Our second case is a paper in the British Journal of Political Science, which looked at what motivated activists to go campaigning. In two separate field experiments, party members were randomly told that canvassing was good for mobilising voters or that it would enhance their own political careers. Neither made them more likely to get out and knock on doors. The authors conclude that instrumental considerations like this have almost no effect on political activism, which is probably better seen as an expressive act.
A related study, published a couple of years ago in The Economic Journal, found that telling activists that their colleagues are more active campaigners than they had previously realised can significantly reduce the amount of canvassing people do.

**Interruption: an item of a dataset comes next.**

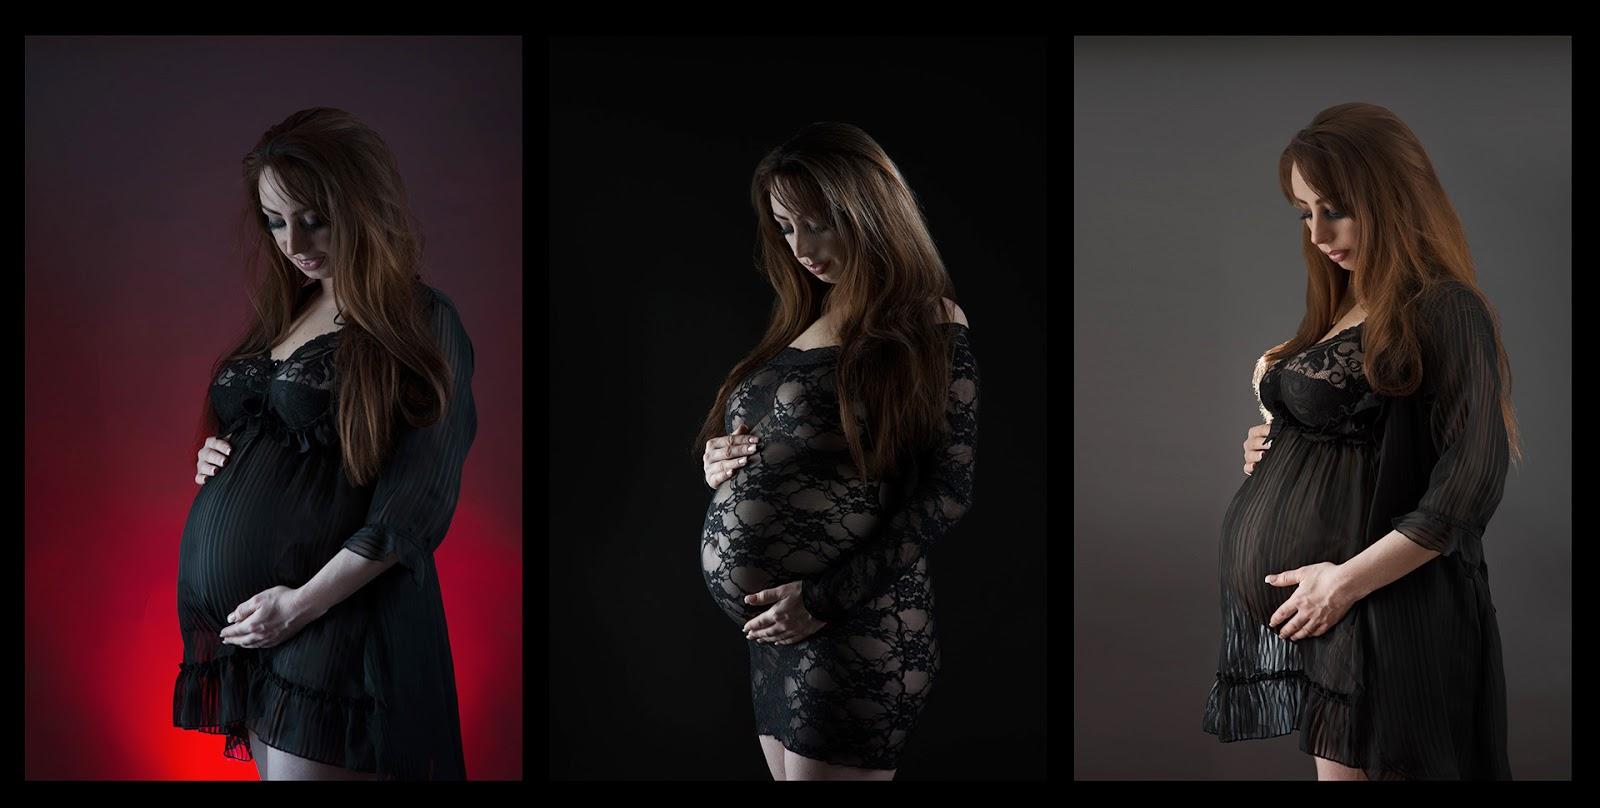 Maternity Pregnancy pregnant strobes off camera flash grey seemless backdrop back light low key high contrast Lee Ramsden

This piece of research doesn’t even identify which country it was from, just that it involved “a large European party”. Given the identity of the authors and some clues scattered throughout the paper – a system that uses majoritarian single-member districts as well as proportional party lists – my little grey cells tell me it’s Germany, but your guess as to what party is as good as mine.
None of these studies would have been possible without the involvement of the parties. They allowed researchers access to valuable data about fundraising or canvassing; rather than having to rely on activists’ recall of their behaviour (“yeah, yeah, I’ve been out every night, great reception on the doorstep”), they could instead use data from the party’s canvassing app (“Has not left the sofa”). In return, presumably the party got first dibs on useful analysis of that data.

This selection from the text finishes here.